Из комнаты доносился храп. Я хихикнула, услышав его, а возлюбленный шепнул:
— Это Марат, он всегда храпит, как напьется.
Слава богу, остаются трое. Под душ мы встали вместе, и я этим воспользовалась. Прическа.., волосы у всех троих средней длины. Господи, как же слепые обходятся одними руками? Нос, губы.., и никакой картинки. Стоп. Кольцо. У Громова точно обручальное кольцо и печатка. Печатки нет, а обручальное.., мамочка, как же меня угораздило? Спокойно, у Гришки тоже кольцо.., и этот не лучше.
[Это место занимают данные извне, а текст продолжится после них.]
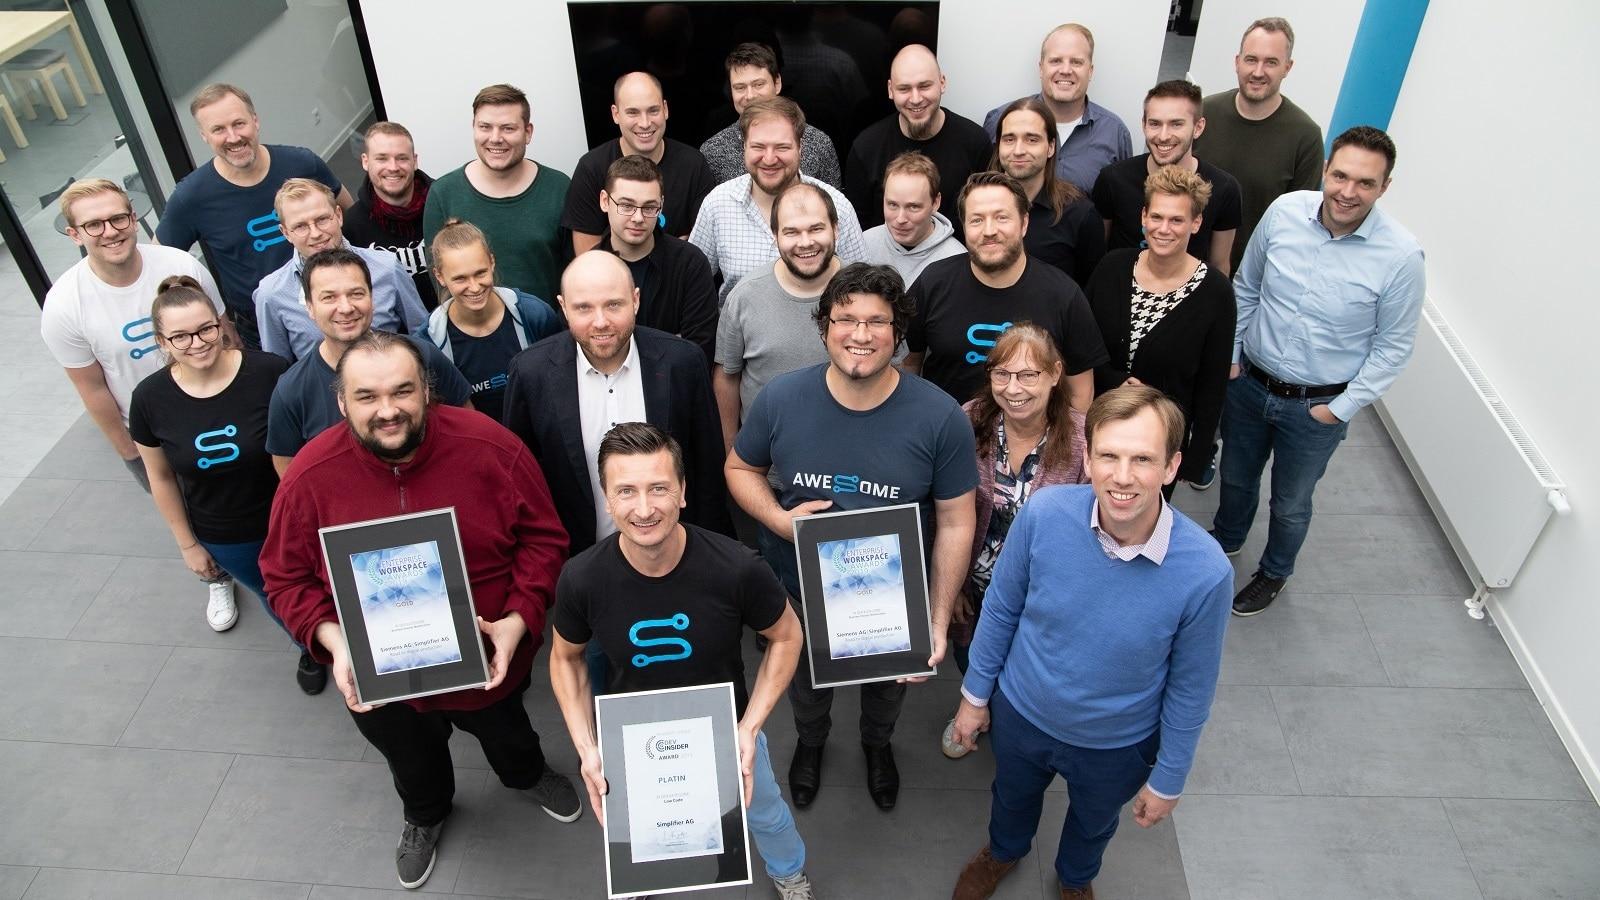 Simplifier AG | Platin Vogel IT Awards

Да когда же это кончится?
Он выбрался из ванны и завернул меня в полотенце. Я благодарно прильнула к его груди, и меня на руках перенесли в спальню.
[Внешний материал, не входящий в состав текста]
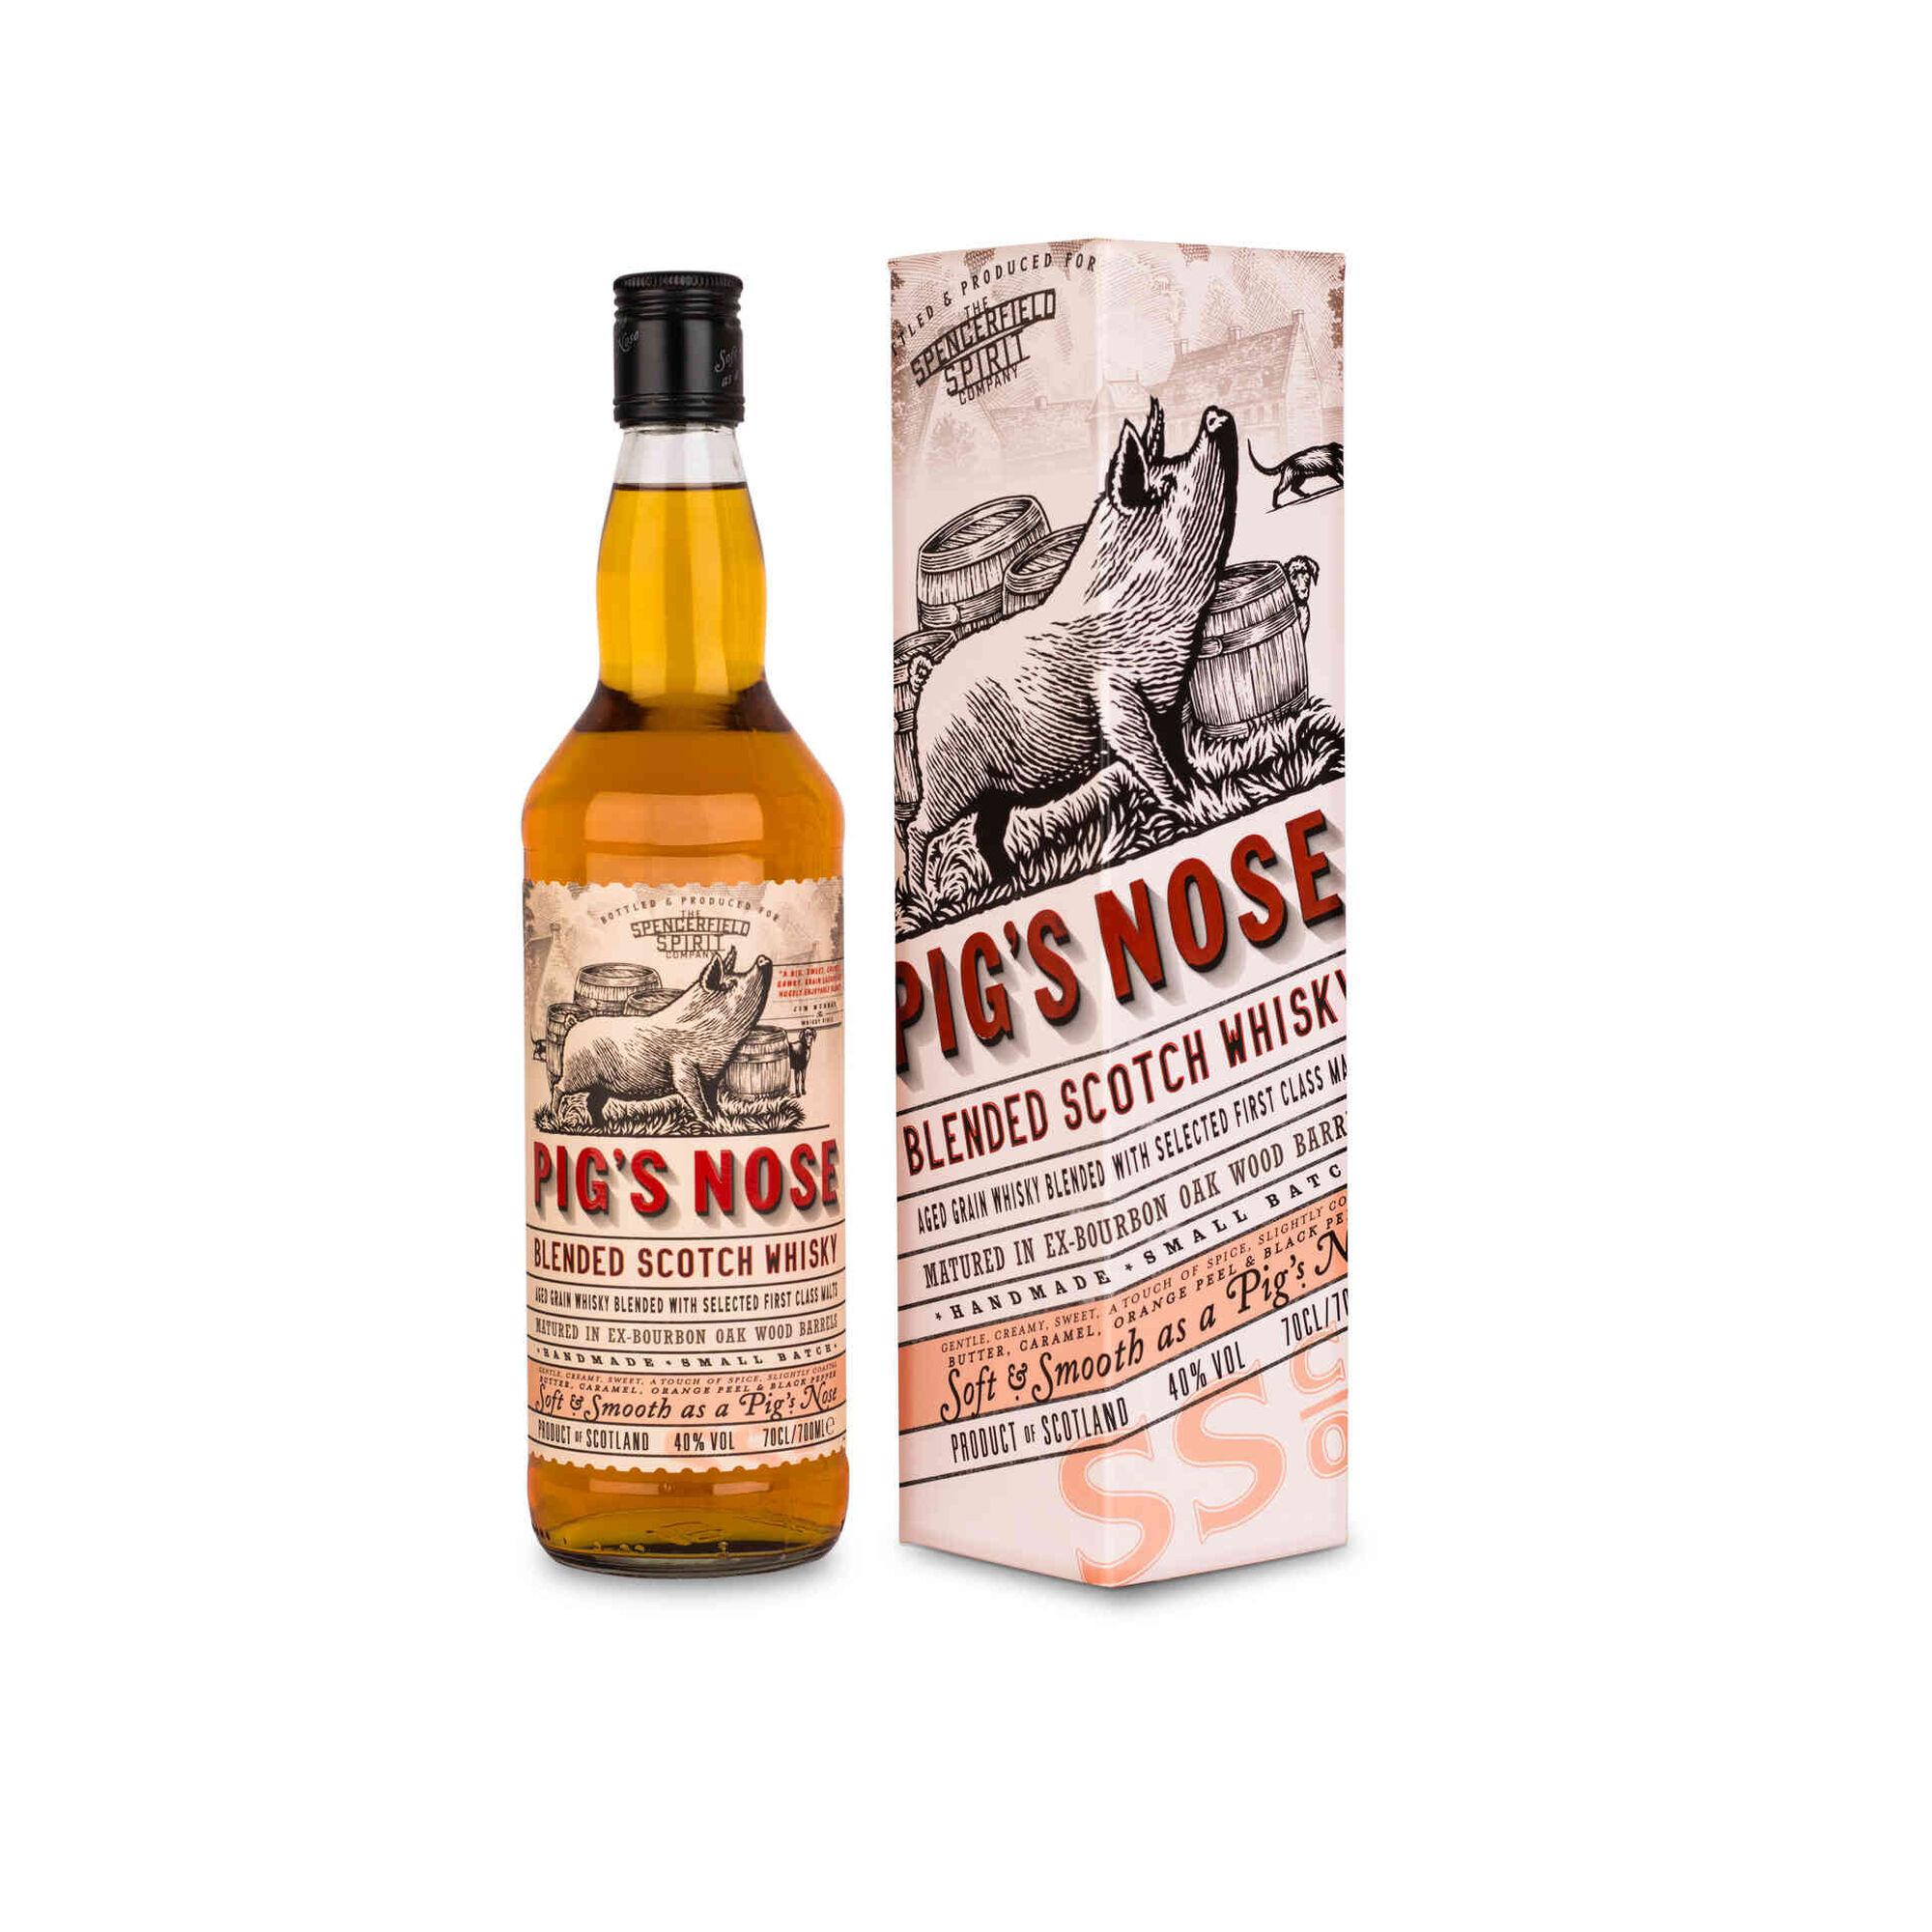 Whisky Pig's Nose Blended

— Подожди немного, я сейчас, — шепнул любимый. Я кивнула, устраиваясь поудобнее.
Прошло минут десять. Что-то он долго, или мне так кажется? Господи, и позвать-то как не знаю.
— Милый, — промурлыкала я.
— Я на кухне, — приоткрыв дверь, зашептал он, — есть ужасно хочется.
— В холодильнике индейка, — сообщила я, закрыла глаза, решив немного подремать, и совершила стратегическую ошибку, потому что, когда проснулась, комнату заливал солнечный свет, а подушка рядом была пуста. Я вскочила, огляделась и не обнаружила ничего хоть отдаленно напоминающего о событиях ночи. Только полотенце в ногах постели, в котором меня сюда доставили, свидетельствовало о том, что все это мне не приснилось.
Торопливо натянув пижаму, я вышла из спальни.
Гришка по-прежнему спал в кресле, задрав голову, похрапывая от неудобной позы, Марат и Громов делили диван, оба в костюмах и ботинках. Я кинулась к Димке. Спит сном праведника. «Не может быть», — прошептала я, сама не зная толком, что имею в виду.
Я чувствовала, что меня одурачили.
Конечно, можно утешить себя мыслью, что ночной возлюбленный, дорожа моей честью, заблаговременно смылся, но особого благородства я ни у кого из четверки не замечала. Гришка скорее бы ходил павлином. И Димка тоже. Значит, все-таки одурачили. — Только я собралась воспылать гневом, как вспомнила недавнюю шутку с Димкой и заревела. Поделом мне. Растирая слезы по щекам, я вернулась в спальню и рыдала долго и отчаянно. До тех самых пор, пока в гостиной не наметилось движение. Я быстро заправила постель и пробралась в ванную. Теплый душ пошел мне на пользу, правда, лицо слегка опухло от горьких слез.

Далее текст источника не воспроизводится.